§ **WORK ORDER**
Exact copies of the lines below, from the one with "Charles Pfister for" up to and including the one with "Prima vera mahogany case", are what this calls for; leave out pictures.

§ **RAW DATA**
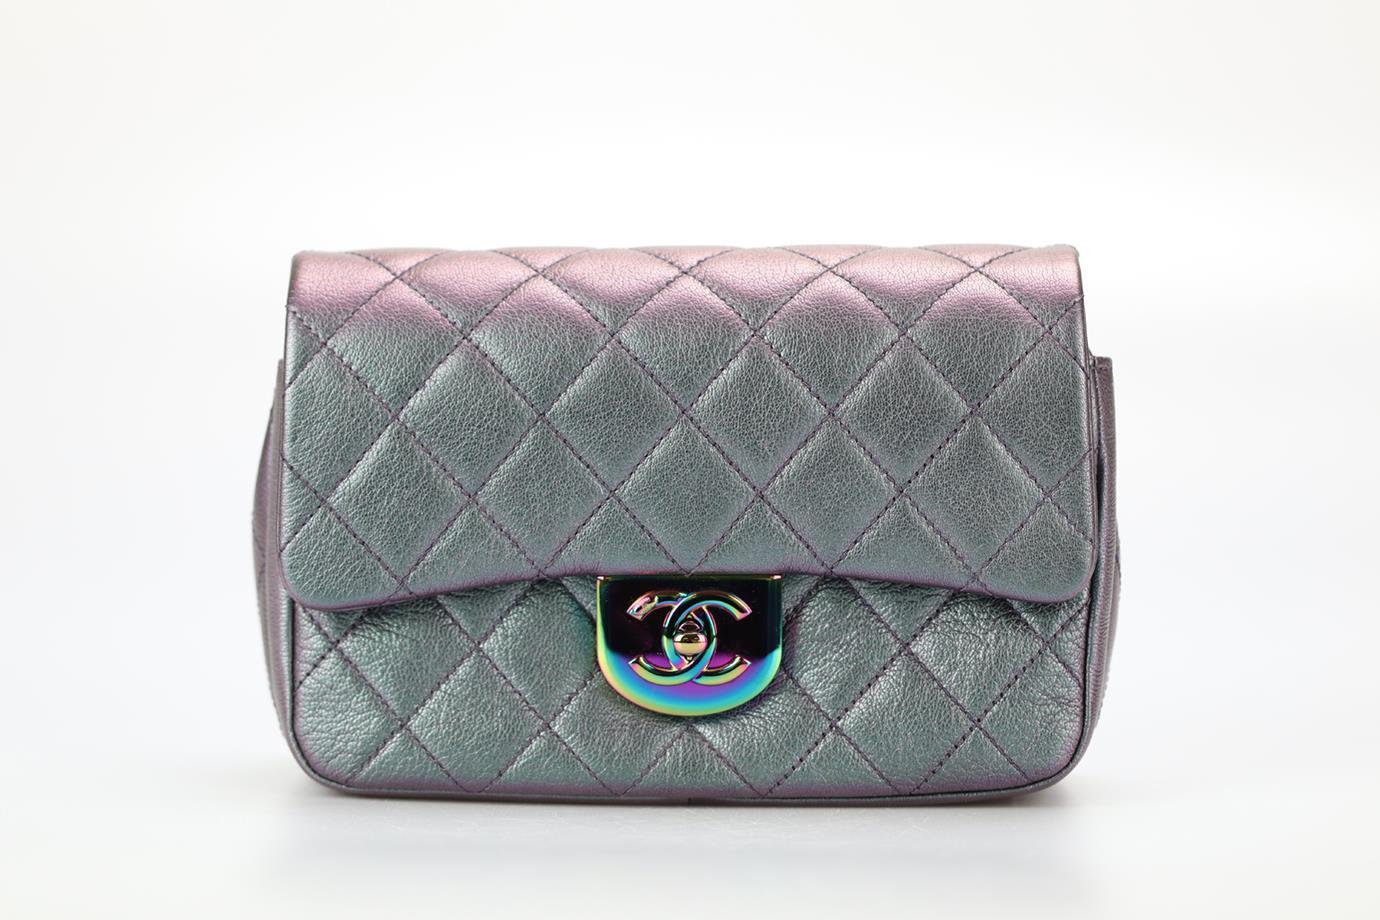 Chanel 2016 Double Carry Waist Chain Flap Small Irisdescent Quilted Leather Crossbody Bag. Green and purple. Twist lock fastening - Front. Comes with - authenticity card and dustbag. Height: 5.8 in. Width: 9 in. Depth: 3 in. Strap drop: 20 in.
---
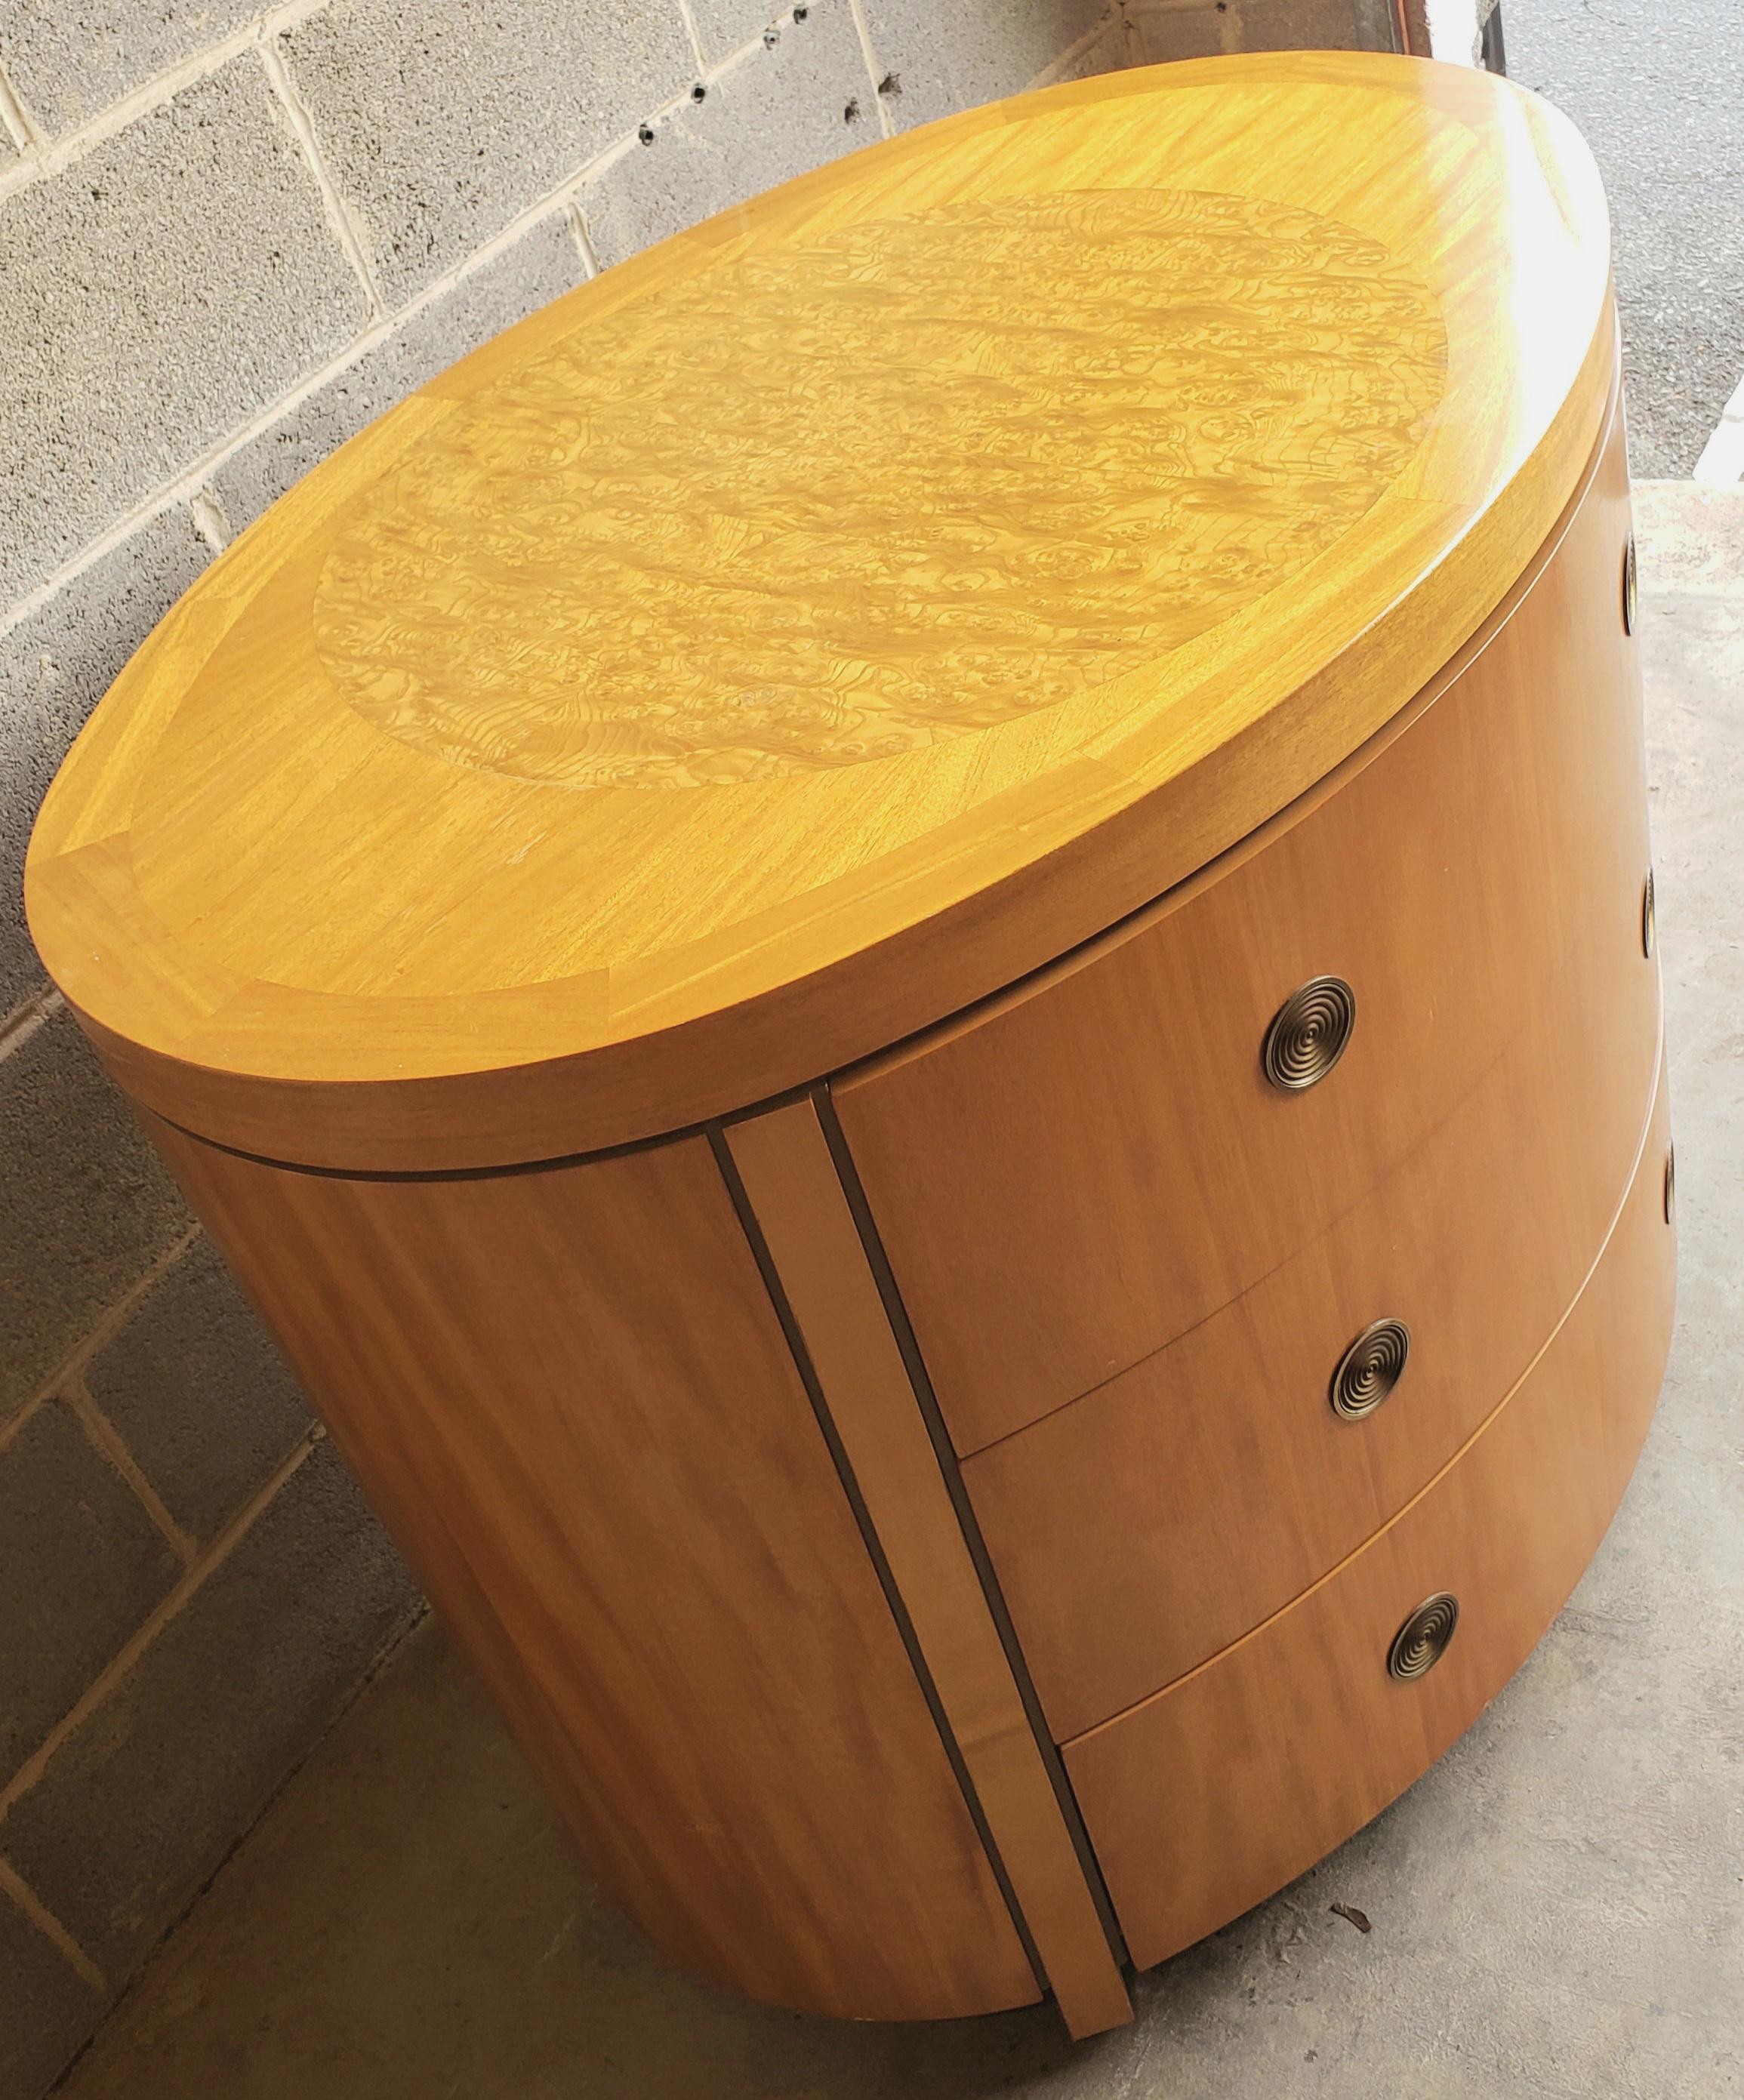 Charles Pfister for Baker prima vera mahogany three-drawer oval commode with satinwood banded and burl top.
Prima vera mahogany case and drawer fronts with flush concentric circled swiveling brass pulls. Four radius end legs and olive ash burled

§ **RESPONSE**
 Charles Pfister for Baker prima vera mahogany three-drawer oval commode with satinwood banded and burl top.
Prima vera mahogany case and drawer fronts with flush concentric circled swiveling brass pulls. Four radius end legs and olive ash burled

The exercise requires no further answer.